How a Google Engineer Automated 80% of His Work Using Claude Code

The article explains how a Google engineer leveraged Claude Code together with a lightweight .NET application and a curated CLAUDE.md file based on Karpathy’s principles, plus the Everything‑Claude‑Code repository, to automate roughly 80 % of his development tasks, reduce token waste, and achieve massive time and cost savings.

High Availability Architecture
High Availability Architecture
High Availability Architecture
How a Google Engineer Automated 80% of His Work Using Claude Code

Karpathy‑Based CLAUDE.md

Andrej Karpathy identified four recurring coding mistakes made by LLMs: over‑design, ignoring existing patterns, adding unnecessary dependencies, and making unrelated changes. A community‑maintained CLAUDE.md file encodes these observations as four actionable principles:

Think Before Coding      → Prevent false assumptions and missed trade‑offs
Simplicity First         → Avoid over‑design and bloated abstractions
Surgical Changes        → Modify only code that is explicitly required
Goal‑Driven Execution   → Test first, verify success criteria

Applying the file to a project reduces Claude’s rule‑violation rate from ~40 % to ~3 % after a five‑minute setup.

Generate a project‑specific CLAUDE.md with:

claude -p "Read the entire project and create a CLAUDE.md based on:
Think Before Coding, Simplicity First, Surgical Changes, Goal‑Driven Execution.
Adapt to the real architecture you see." --allowedTools Bash,Write,Read

Everything‑Claude‑Code Repository

The repository https://github.com/affaan-m/everything-claude-code provides a full AI‑operating‑system for product development. It contains:

30+ specialized agents (e.g., planner.md, architect.md, tdd‑guide.md, code‑reviewer.md, security‑reviewer.md, loop‑operator.md)

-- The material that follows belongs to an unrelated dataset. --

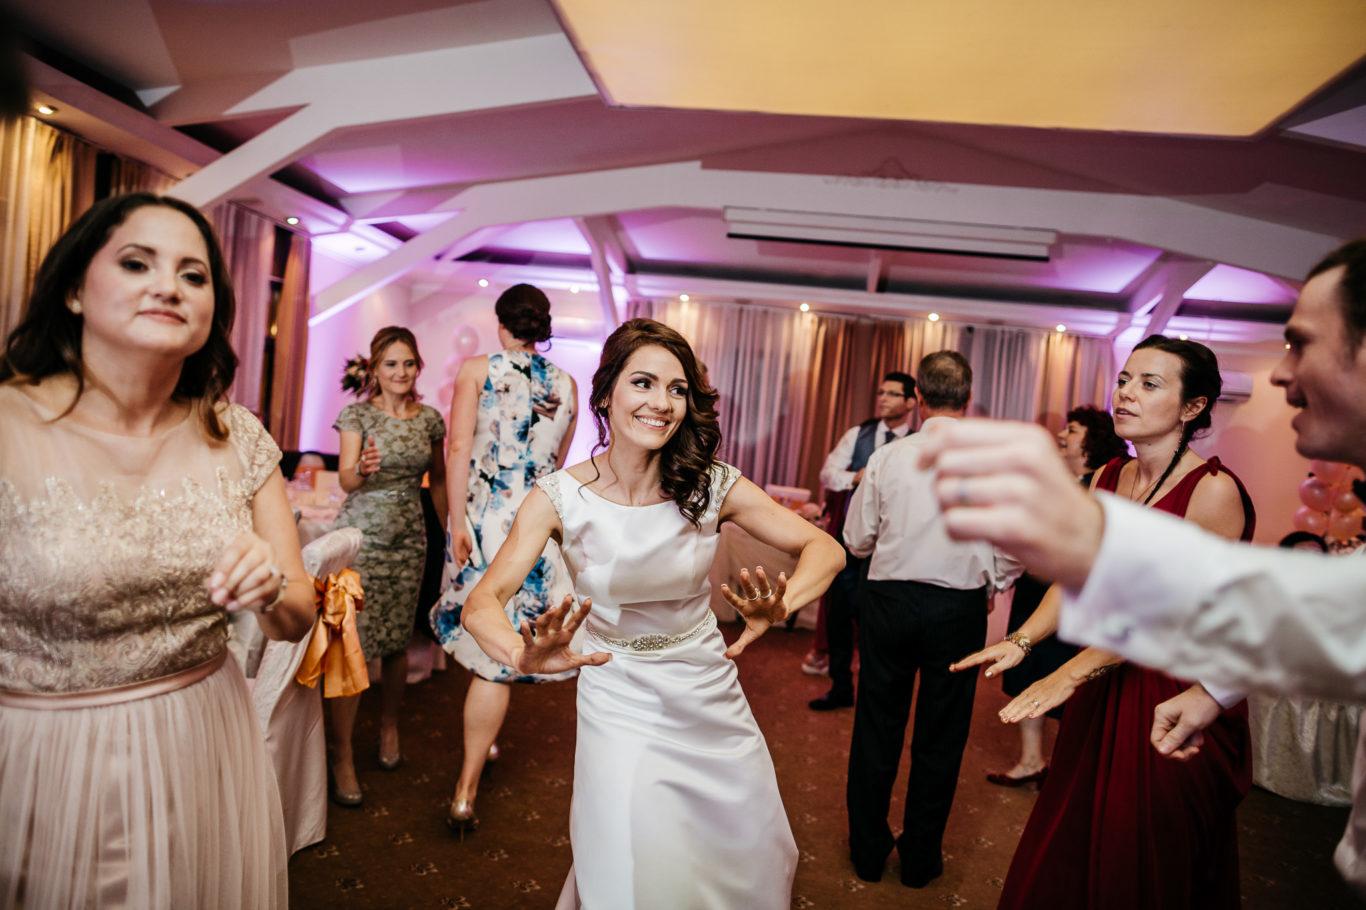 0695-fotografie-nunta-bucuresti-dana-radu-fotograf-ciprian-dumitrescu-dc1_4289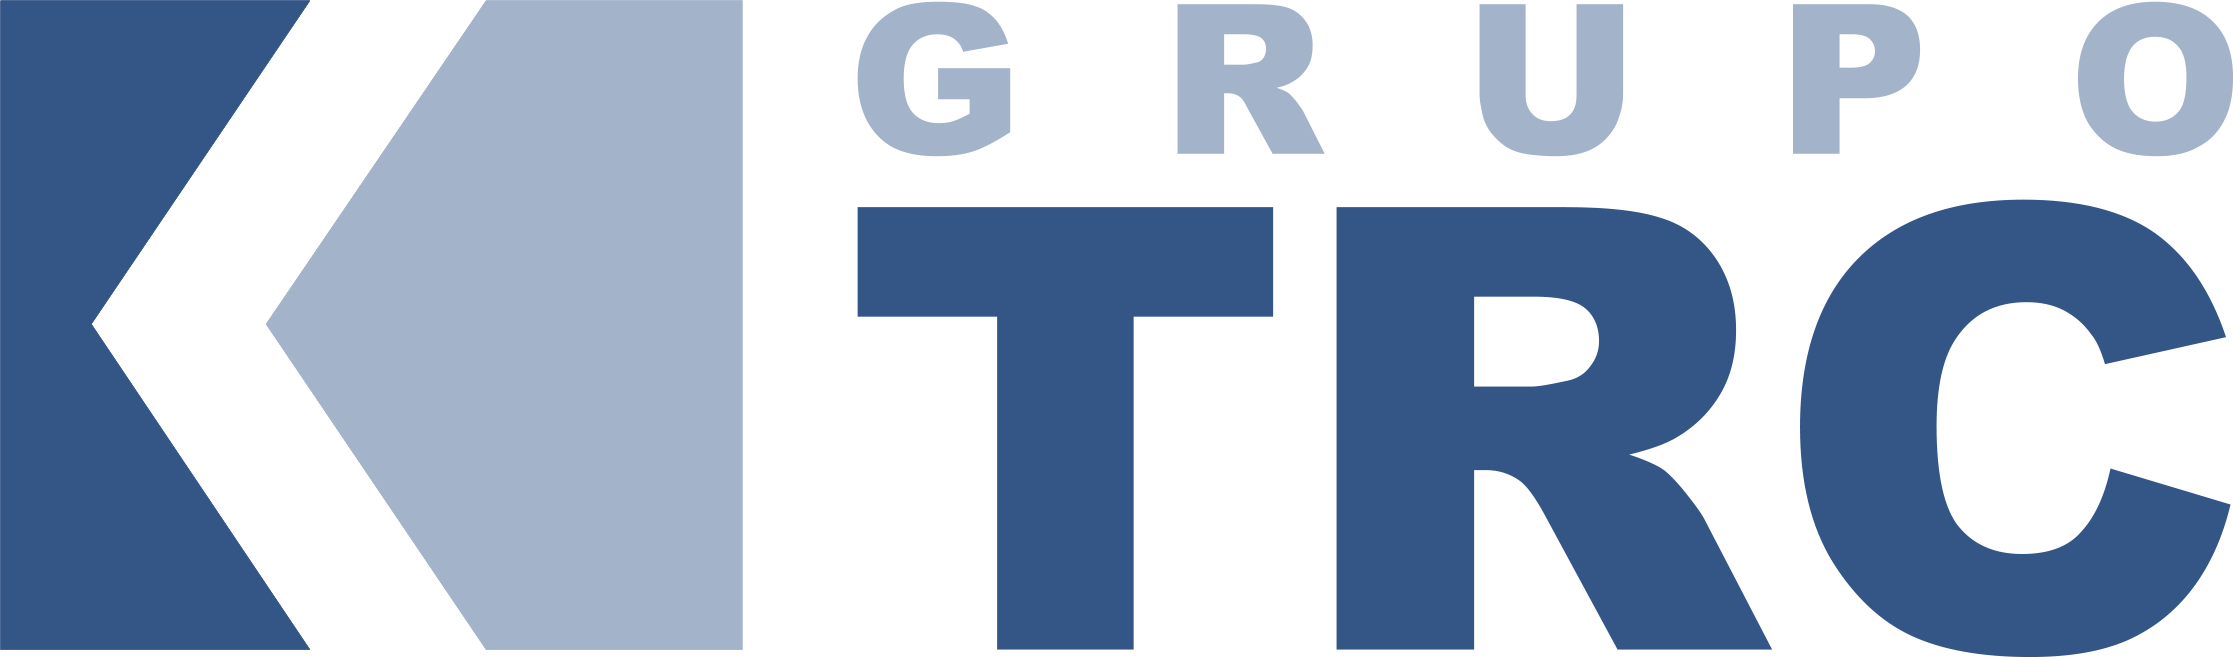 G-trc_logo

180+ ready‑to‑use skills covering test‑driven development, security analysis, research, content generation, etc.

Built‑in AgentShield with 1,282 security tests that balance productivity and safety.

Installation options:

/plugin marketplace add affaan-m/everything-claude-code

or manually copy only the required agents into the project’s .claude/ directory to keep token consumption low.

Token Inflation in Claude Code v2.1.100

Network analysis shows that version 2.1.100 sends slightly fewer request bytes (≈168 KB) but consumes about 20 k more tokens (≈70 k tokens) than v2.1.98, inflating billing without adding functionality.

Impact:

Hidden token usage dilutes the effect of CLAUDE.md directives.

Faster quota exhaustion and degraded response quality in long sessions.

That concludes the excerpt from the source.